• _What you will do_:
In the entries below, count every line containing "during". Reply with the number alone.

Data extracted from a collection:

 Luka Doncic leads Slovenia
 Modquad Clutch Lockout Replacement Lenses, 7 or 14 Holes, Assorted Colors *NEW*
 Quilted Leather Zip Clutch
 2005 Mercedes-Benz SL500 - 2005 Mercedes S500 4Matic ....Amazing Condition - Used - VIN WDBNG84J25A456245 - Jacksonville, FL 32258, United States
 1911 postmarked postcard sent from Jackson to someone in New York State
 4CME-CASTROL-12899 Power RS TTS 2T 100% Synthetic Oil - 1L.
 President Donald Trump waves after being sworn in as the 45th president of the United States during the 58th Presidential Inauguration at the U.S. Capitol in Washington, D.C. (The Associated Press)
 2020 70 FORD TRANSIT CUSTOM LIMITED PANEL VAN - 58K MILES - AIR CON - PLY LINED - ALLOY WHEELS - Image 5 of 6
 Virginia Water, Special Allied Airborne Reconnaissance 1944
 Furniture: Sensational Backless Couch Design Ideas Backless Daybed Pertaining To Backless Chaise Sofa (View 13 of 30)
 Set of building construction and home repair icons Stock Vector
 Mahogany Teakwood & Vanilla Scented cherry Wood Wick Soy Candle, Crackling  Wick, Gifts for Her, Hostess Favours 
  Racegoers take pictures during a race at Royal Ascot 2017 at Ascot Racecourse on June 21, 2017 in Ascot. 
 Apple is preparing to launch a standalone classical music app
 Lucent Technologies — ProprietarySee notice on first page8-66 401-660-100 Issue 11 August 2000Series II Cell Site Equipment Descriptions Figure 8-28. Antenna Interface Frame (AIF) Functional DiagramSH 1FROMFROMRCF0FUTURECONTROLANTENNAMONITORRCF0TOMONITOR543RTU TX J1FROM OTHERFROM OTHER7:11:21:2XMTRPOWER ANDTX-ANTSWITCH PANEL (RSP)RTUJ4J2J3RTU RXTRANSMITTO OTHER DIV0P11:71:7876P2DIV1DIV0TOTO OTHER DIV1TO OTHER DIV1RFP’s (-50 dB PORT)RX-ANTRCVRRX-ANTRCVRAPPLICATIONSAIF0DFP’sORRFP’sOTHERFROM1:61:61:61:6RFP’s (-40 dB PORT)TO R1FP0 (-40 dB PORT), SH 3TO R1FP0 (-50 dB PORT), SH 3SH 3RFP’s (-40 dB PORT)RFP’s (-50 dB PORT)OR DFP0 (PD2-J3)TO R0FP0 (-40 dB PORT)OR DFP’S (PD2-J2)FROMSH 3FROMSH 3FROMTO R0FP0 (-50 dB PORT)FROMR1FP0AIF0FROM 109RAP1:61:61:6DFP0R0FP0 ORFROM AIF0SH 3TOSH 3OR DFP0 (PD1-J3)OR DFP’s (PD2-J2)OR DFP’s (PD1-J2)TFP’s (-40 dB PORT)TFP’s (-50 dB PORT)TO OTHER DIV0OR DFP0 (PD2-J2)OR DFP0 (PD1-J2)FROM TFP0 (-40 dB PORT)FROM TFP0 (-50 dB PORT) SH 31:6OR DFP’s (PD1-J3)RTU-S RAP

• _Task result_:
2